Please repeat, unchanged, the lines at the top of the listing below, ending with the one that has "Newspapers show the".

> **INPUT DATA**
·····

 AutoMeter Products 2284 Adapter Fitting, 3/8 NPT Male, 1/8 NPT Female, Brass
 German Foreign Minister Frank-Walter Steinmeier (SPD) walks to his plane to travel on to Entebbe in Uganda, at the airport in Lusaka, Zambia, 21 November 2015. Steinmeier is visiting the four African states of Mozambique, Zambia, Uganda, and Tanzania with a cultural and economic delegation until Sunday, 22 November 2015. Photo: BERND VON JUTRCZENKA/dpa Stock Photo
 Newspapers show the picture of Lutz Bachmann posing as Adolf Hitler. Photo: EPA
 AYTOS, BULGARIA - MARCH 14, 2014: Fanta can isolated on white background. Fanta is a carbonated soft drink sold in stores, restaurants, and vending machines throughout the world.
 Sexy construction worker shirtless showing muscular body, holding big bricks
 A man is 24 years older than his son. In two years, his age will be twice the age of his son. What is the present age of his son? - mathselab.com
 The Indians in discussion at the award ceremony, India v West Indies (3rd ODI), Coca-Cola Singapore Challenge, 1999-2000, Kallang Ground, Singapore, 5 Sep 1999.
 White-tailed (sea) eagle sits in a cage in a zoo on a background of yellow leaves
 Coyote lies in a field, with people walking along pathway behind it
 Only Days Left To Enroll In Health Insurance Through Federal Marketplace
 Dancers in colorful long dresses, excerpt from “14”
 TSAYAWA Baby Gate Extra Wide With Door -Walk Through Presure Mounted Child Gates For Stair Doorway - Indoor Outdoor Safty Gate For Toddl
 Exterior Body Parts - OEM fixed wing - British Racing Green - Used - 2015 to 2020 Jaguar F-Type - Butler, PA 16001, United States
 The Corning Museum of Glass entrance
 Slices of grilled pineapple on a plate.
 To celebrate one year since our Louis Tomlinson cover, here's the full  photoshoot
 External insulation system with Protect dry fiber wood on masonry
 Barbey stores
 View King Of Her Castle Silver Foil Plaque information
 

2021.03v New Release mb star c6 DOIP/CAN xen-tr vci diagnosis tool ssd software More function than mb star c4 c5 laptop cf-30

·····

> **REPLY**
 AutoMeter Products 2284 Adapter Fitting, 3/8 NPT Male, 1/8 NPT Female, Brass
 German Foreign Minister Frank-Walter Steinmeier (SPD) walks to his plane to travel on to Entebbe in Uganda, at the airport in Lusaka, Zambia, 21 November 2015. Steinmeier is visiting the four African states of Mozambique, Zambia, Uganda, and Tanzania with a cultural and economic delegation until Sunday, 22 November 2015. Photo: BERND VON JUTRCZENKA/dpa Stock Photo
 Newspapers show the picture of Lutz Bachmann posing as Adolf Hitler. Photo: EPA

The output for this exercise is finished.